As with any other JCE case that the ICTY or other international tribunals/courts have prosecuted, linkage must be established for sexual violence cases. Jarvis and Salgado note that the first step is to prove that sexual violence was a part of the common criminal plan or purpose of which the accused in the JCE either participated in, or could foreseeably see sexual violence occurring. [38]

There is often a failure to establish how crimes of sexual violence fit into the overall behaviour of war crimes committed. It is difficult to substantiate that they did in fact form a part of the common criminal purpose for a JCE conviction.[39] This is problematic for the prosecution teams, as demonstrating that sexual violence crimes formed a part of the common criminal purpose is a vital link to prosecuting senior officials for such crimes.
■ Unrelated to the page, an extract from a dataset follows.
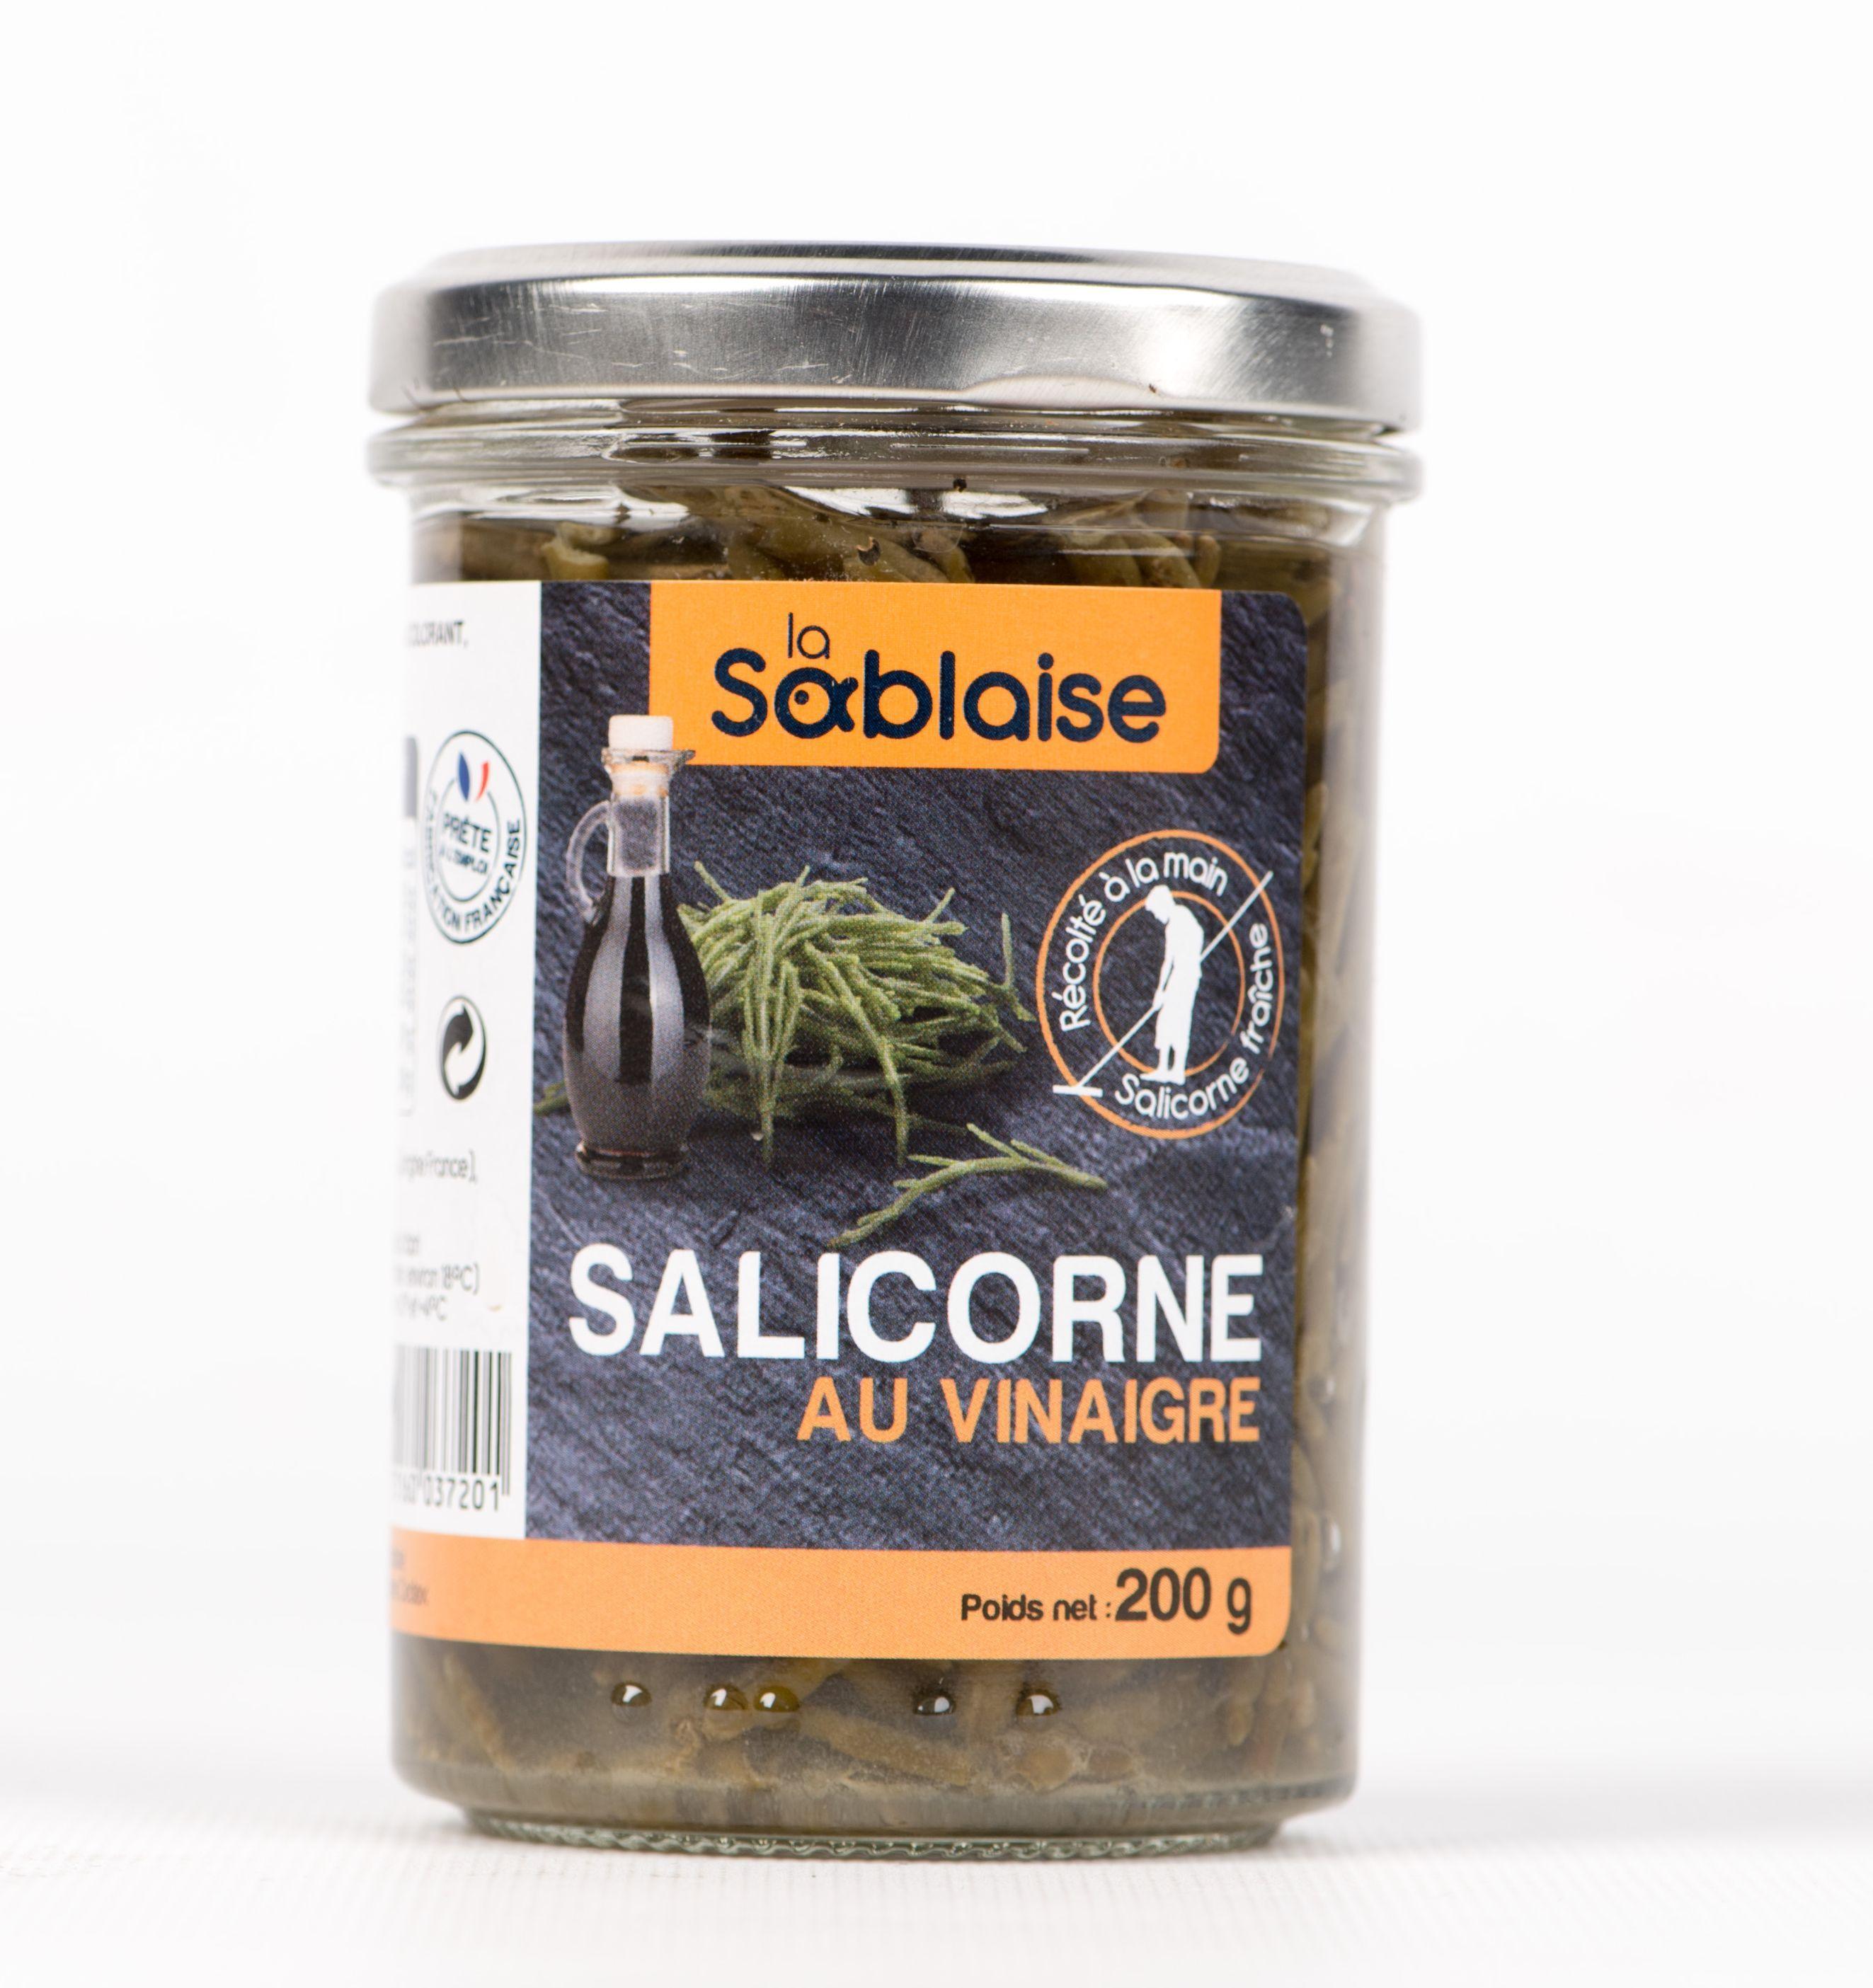 Salicornes au vinaigre, La Sablaise (200 g)

The Yugoslavian war is an example of the prevalence of sexual violence in war-time conflicts.[40] The widespread occurrence of sexual violence affected many people during the decade-long war. If superior ranking officials are not held responsible for sexual violence that has taken place under their command, it amounts to an injustice for the victims who have suffered from these crimes. It is important that the prosecution establish that sexual violence is a foreseeable and, at times, direct outcome of conflict.[41]
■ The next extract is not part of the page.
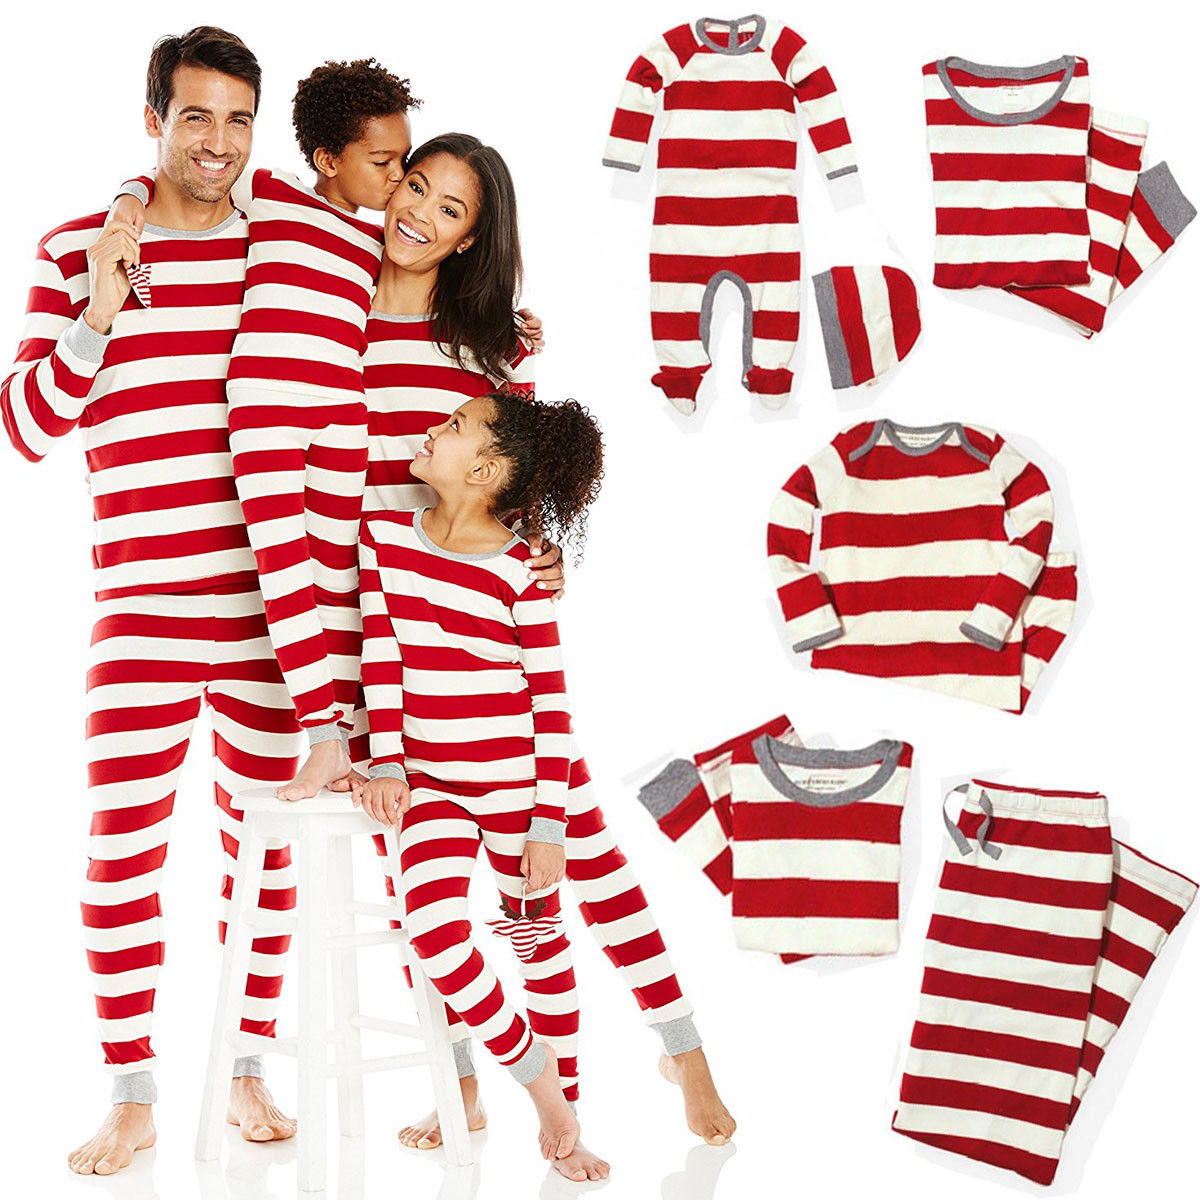 Xmas Striped Family Matching Outfits Set Christmas Family Pajamas Set Adult Kid Sleepwear Nightwear Pjs Photgraphy Prop Clothing

A successful approach for prosecutors in JCE prosecutions of sexual violence will demonstrate that it is a “natural and foreseeable consequence” of war-time conflicts.[42] This approach is what is known as JCE III. Foreseeability of sexual violence must be proven for a conviction to be successful under JCE III.[43] While it is a disputed form of prosecution,[44] there have been successful prosecutions at the ICTY for crimes of sexual violence using this theory.[45]

Showing that sexual violence is a natural and foreseeable consequence of war challenges the belief that sex crimes exist in isolation and are the sole responsibility of the individual [46]. JCE III establishes that superiors ordering acts of war arguably can foresee that their subordinates will carry out illegal and atrocious acts of violence on civilian and non-civilian populations. If the prosecution can prove that sexual violence is a foreseeable outcome of war, then actions that are taken by superiors to either incite violence or fail to prevent it can provide a clearer picture of liability to trial chambers. As stated by Goy, Jarvis and Pinzauti:  

Theories of co-perpetration (such as JCE) are important legal tools for investigators and prosecutors in contextualizing sexual violence in conflict. Not only do they provide an effective framework for demonstrating the connection between sexual violence and the objectives of a criminal campaign, but they are generally among the most serious forms of criminal responsibility, leading to maximum accountability [47]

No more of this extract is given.